He joined Amazon’s Influencer Program, which capitalizes on the creative videos of thousands of TikTok users.

“Video is now king,” said Mae Karwowski, CEO of a marketing agency called Obviously. She said Amazon recognized it needs in on TikTok engagement. “Brands haven’t been able to handle that transition and really can’t create an enviable TikTok profile themselves.”

So, brands have influencers do that job for them. Including Walmart.

TikTokker @DevanOnDeck is part of the Walmart Creator program, launched in December. He’s already done a few unboxing videos for the retail giant on TikTok, where he highlights the products he’s bought from the company.

Anyone can apply to the program as well as to Amazon Influencer.

And it used to be that influencers had to be rich, famous or beautiful to succeed as product hawkers. But Amazon and Walmart are changing that standard, said Kelli Burns, a professor at the University of South Florida who researches the creator economy.

“It has democratized the process because there are more avenues for people, and they can build these relationships with these big brands or big retailers,” she said.

However, she warned that there could be a downside to having so many TikTokkers jumping into this space. “With all these influencers flooding the platform and promoting products, we may see content that is not as creative in our feeds,” Burns said.
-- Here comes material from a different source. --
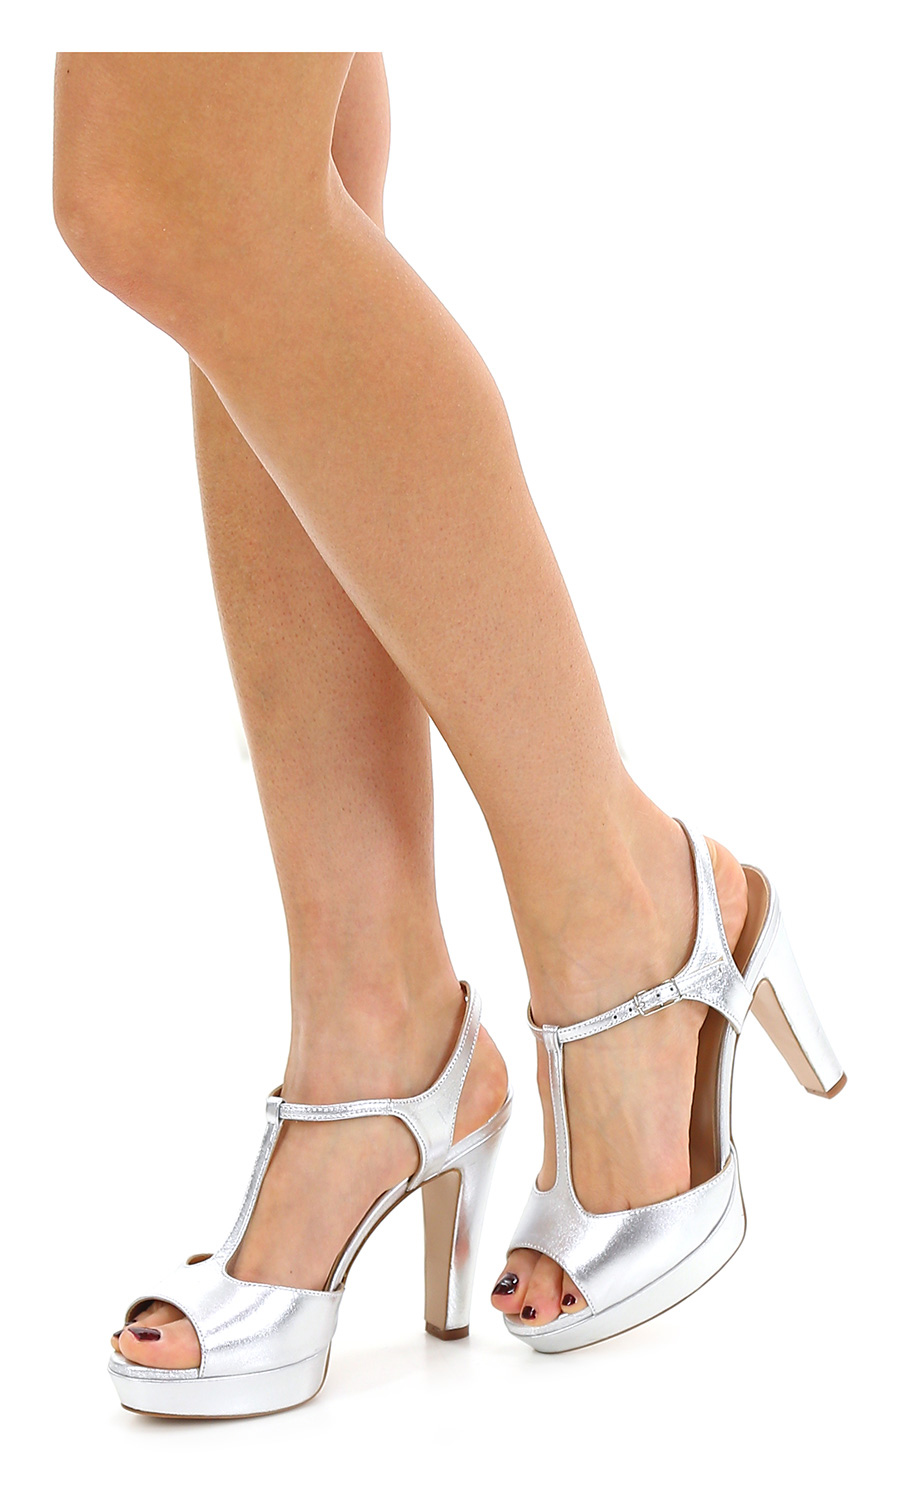 Sandalo alto Argento Alexandra - Le Follie Shop 3a236258b71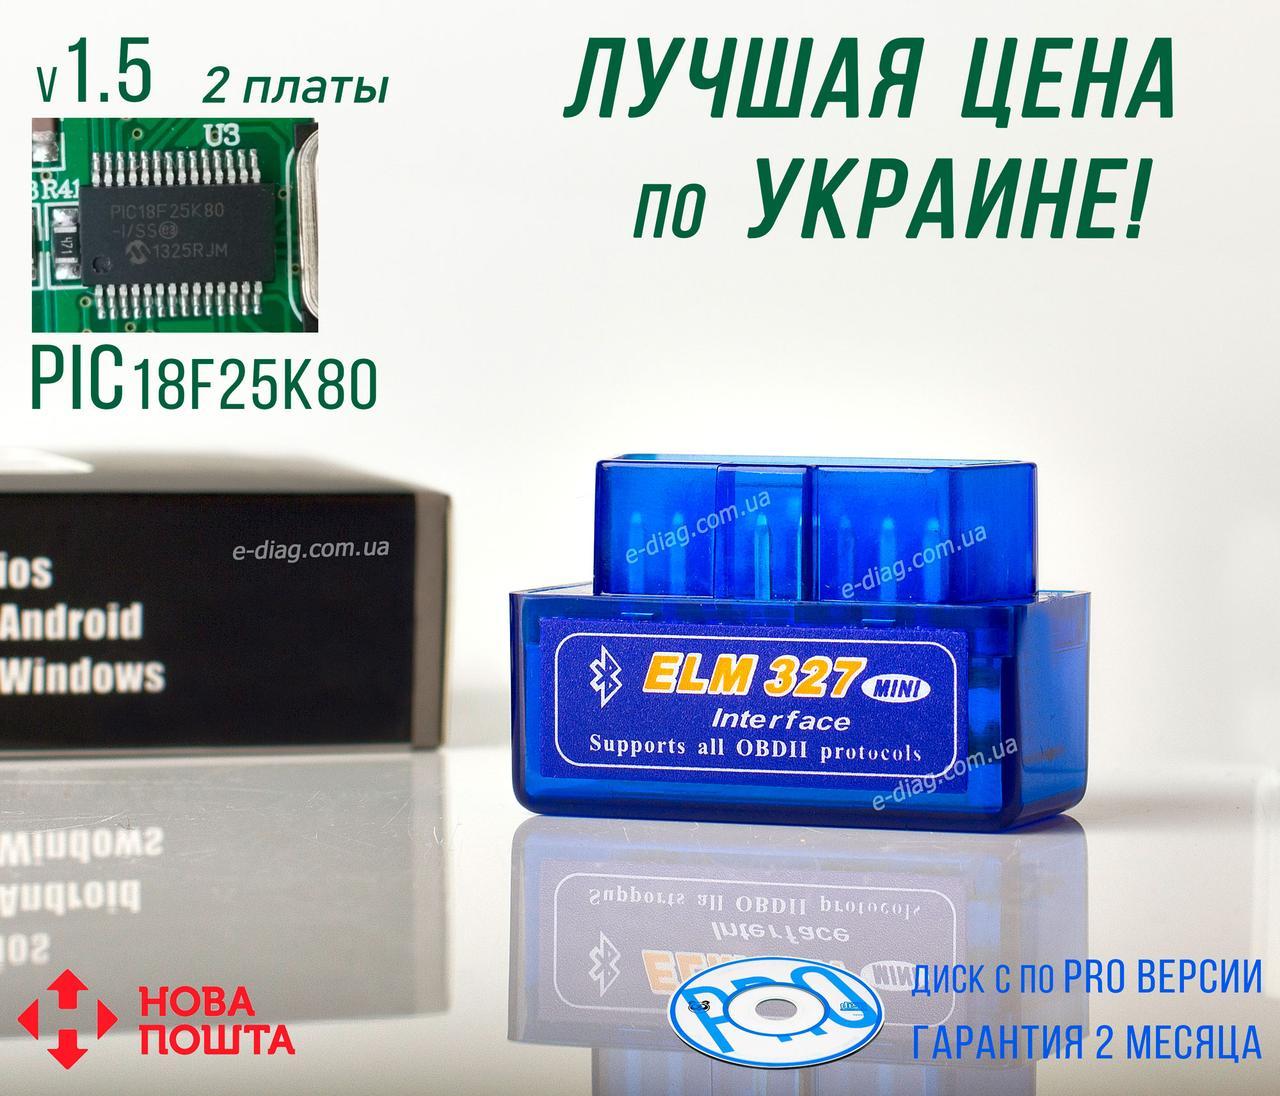 Автосканер ELM327 OBD2 v1.5 Bluetooth на 2 платы (PIC18F25K80) (Полная версия)

In the meantime, influencers like Sal Farzin are banking on giant companies like Amazon and Walmart to make a living. Right now, he has 2.8 million followers on TikTok and said he earned six figures from this gig last year.

A screenshot compilation of influencers creating content for Walmart’s Creator program. (Courtesy Walmart)

In December, Amazon introduced a TikTok-like feature called Inspire. It’s a portal that lets customers scroll through short-form videos and images of products they can buy from the retail platform. But a column by Leticia Miranda in Bloomberg News pointed out that Amazon has tried something like this before. Its Amazon Spark feature, launched in 2017, tried to capitalize on the social media darling of that day: Instagram. But it never really caught on.

Something that has caught on like wildfire on TikTok? Dupes. As in duplicates of luxury or brand-name products, often in the beauty or clothing categories. The Atlantic recently highlighted this trend, which has spawned a new genre on the platform called deinfluencing in which TikTok creators convince users not to buy expensive, brand-name stuff.

But now, many of the deinfluencers have become so influential — since they’re seen as more authentic than regular influencers — that now brands want to partner with them. It’s all very circular and confusing.